Items from a dataset:
---

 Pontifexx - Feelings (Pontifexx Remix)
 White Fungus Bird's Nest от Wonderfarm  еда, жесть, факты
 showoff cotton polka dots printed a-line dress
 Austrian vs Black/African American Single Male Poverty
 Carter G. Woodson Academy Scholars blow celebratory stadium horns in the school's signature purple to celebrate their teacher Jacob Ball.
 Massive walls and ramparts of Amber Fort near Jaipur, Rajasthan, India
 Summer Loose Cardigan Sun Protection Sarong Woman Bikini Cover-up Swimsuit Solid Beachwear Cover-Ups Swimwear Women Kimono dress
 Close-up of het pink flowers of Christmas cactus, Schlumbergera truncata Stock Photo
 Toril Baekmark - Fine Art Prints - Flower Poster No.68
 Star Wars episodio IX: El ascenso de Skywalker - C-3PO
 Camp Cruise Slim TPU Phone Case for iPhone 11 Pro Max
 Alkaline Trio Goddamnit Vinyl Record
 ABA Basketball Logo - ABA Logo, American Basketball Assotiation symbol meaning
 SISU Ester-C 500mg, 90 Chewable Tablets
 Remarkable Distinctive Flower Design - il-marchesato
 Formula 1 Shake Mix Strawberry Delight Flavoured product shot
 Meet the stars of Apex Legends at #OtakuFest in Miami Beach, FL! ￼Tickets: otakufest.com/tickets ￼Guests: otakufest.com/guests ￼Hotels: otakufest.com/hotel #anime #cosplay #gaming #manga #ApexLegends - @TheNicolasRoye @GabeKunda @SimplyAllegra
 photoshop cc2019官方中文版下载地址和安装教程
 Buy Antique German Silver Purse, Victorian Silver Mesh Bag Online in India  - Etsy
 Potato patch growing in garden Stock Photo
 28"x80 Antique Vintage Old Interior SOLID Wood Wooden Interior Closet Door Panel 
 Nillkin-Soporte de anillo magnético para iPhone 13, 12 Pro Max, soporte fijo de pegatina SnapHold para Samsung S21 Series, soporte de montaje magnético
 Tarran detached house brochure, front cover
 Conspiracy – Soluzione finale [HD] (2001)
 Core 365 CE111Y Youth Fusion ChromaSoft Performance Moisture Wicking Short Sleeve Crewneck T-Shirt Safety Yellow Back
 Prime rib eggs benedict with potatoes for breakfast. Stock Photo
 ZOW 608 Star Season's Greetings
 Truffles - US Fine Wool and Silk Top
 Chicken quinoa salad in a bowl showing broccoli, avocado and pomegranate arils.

---

▶ [Task brief]:
Where a line above includes "American", copy that line.

▶ [Exercise solution]:
 Austrian vs Black/African American Single Male Poverty
 ABA Basketball Logo - ABA Logo, American Basketball Assotiation symbol meaning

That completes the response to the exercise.